Highest unmitigated severity: P1.

Static review only. I did not run pytest here because the local Python environment is missing numpy.

Executive Summary

  • The prior CallawaySantAnna survey+cluster/PSU concern looks resolved: this PR now explicitly rejects strata/PSU/FPC for CS survey support and documents the deferred full-design path in the registry/TODO.
  • The remaining blocker is new: CallawaySantAnna now feeds survey df from the long panel into unit-level ATT(g,t) and aggregation inference, which overstates degrees of freedom and makes p-values/CIs too optimistic.
  • ImputationDiD and TwoStageDiD survey threading is broadly aligned with the new registry notes, including effective-PSU injection for panel inference.
  • weighted solve_logit() and the TripleDifference IPW/DR unblocking look internally consistent and are documented in the registry.
  • Minor documentation issue remains: TwoStageDiD survey docstrings still call its variance “Theorem 3 variance,” but the implementation is a weighted GMM sandwich.

Methodology

  • Severity P1. Impact: In the new weights-only CallawaySantAnna survey path, survey metadata and df_survey are resolved on the long panel before the estimator collapses to one score per unit. The code then uses that row-level df in safe_inference / safe_inference_batch for ATT(g,t), overall ATT, event-study, and group aggregation.

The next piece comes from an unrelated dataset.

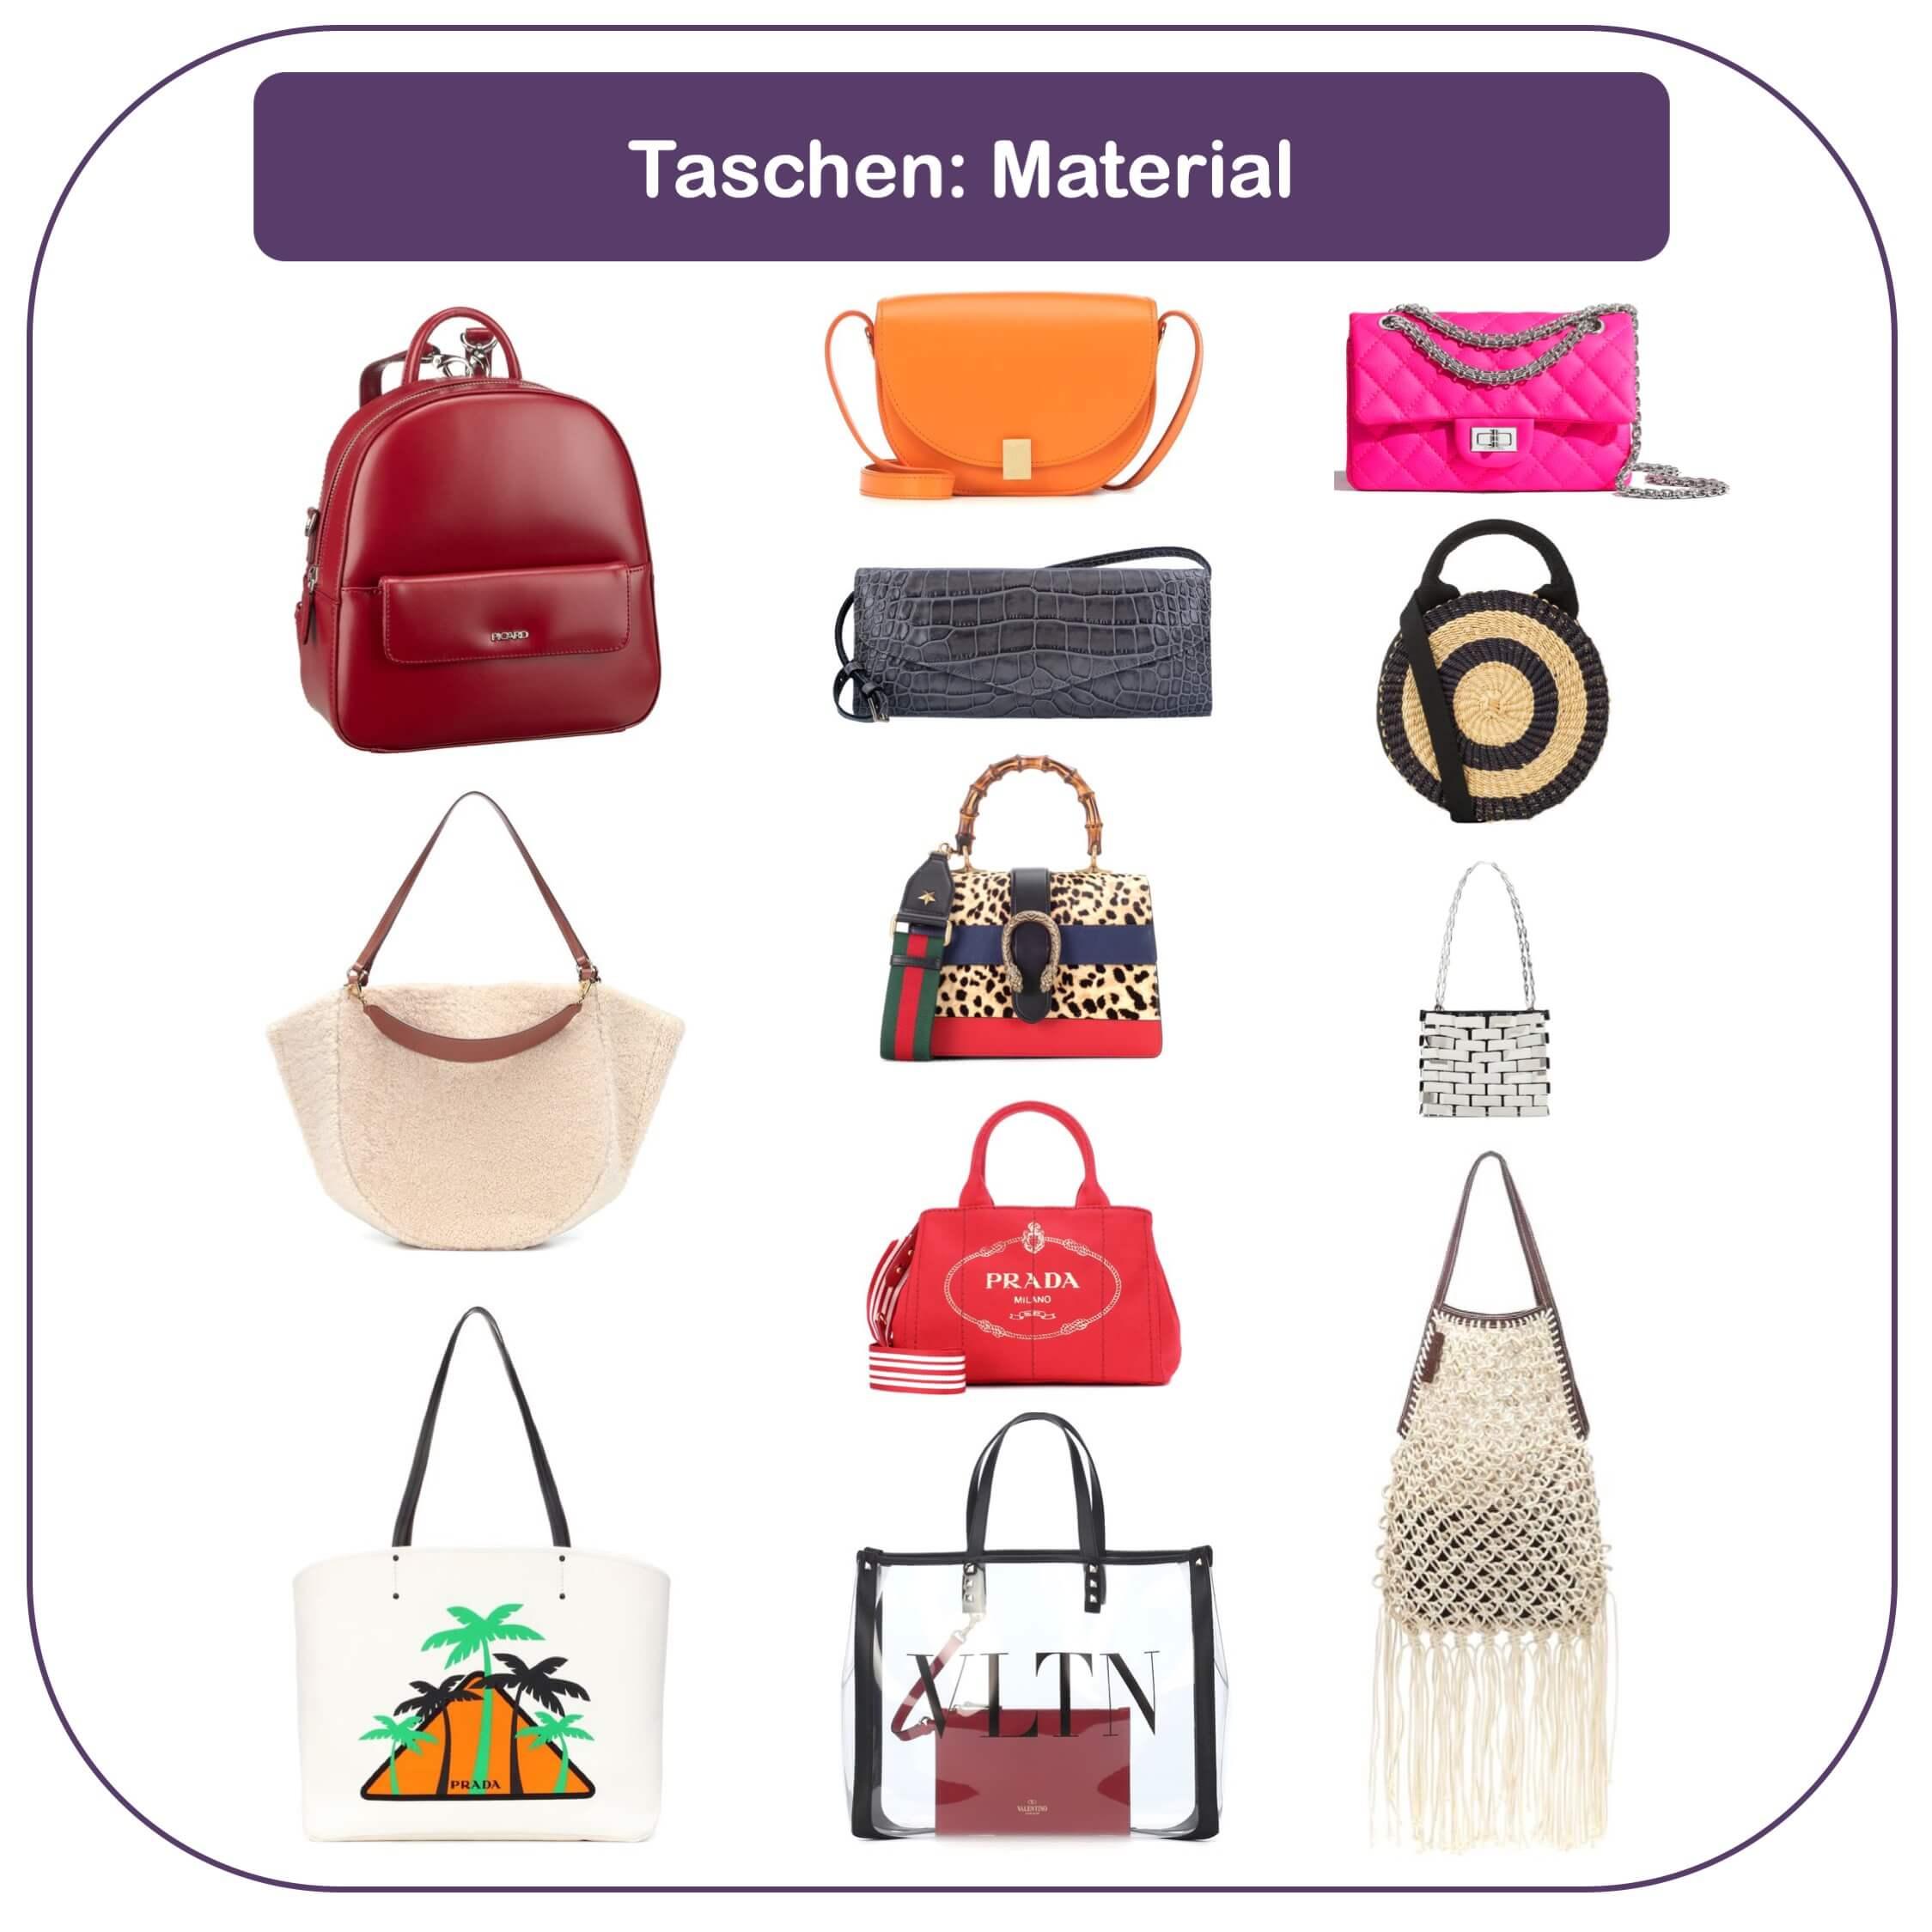 Die passende Handtasche finden - Leder und Material der Tasche

For panel data, that silently uses roughly n_rows - 1 instead of n_units - 1, so the new survey path reports p-values that are too small and CIs that are too narrow. This is especially clear because the same code also collapses survey weights to one per unit for estimation, and _validate_unit_constant_survey() is only needed for panel estimators that collapse survey info within unit. See diff_diff/survey.py:L295-L305, diff_diff/survey.py:L393-L430, diff_diff/staggered.py:L393-L414, diff_diff/staggered.py:L1181-L1412, diff_diff/staggered_aggregation.py:L558-L564, and diff_diff/staggered_aggregation.py:L646-L652. Concrete fix: after _validate_unit_constant_survey(), construct a unit-collapsed survey design/metadata for CS (one weight per unit, matching all_units) and thread that unit-level df_survey through all CS inference calls; do not reuse the long-panel ResolvedSurveyDesign.df_survey for this estimator.
  • Severity P3. Impact: The PR’s documented CS survey limitations are properly mitigated under repo policy: full design-based CS SEs are rejected at runtime, and survey+covariates for IPW/DR is explicitly gated and tracked. See diff_diff/staggered.py:L1200-L1234, REGISTRY.md:L419-L421, and TODO.md:L55-L56. Concrete fix: none.

Code Quality

  • No findings.

Performance

  • No findings.

Maintainability

  • No findings.

Tech Debt

  • Severity P3. Impact: The added TODO entries correctly track the deferrable CS survey limitations, so those items are informational rather than blocking. See TODO.md:L55-L56. Concrete fix: none.

Security

  • No findings.

Documentation/Tests

Path to Approval

  1. In CallawaySantAnna, recompute survey metadata and df_survey on the unit-collapsed design, not the long panel, and use that unit-level df in all CS safe_inference / safe_inference_batch calls.
  2. Add a regression test for weights-only CS panel data that fails if survey_metadata.df_survey equals len(data) - 1 instead of n_units - 1, and cover aggregate="simple", aggregate="event_study", and aggregate="group".
  3. Update the two TwoStageDiD survey docstrings to say PSU feeds the weighted GMM sandwich variance, not “Theorem 3 variance.”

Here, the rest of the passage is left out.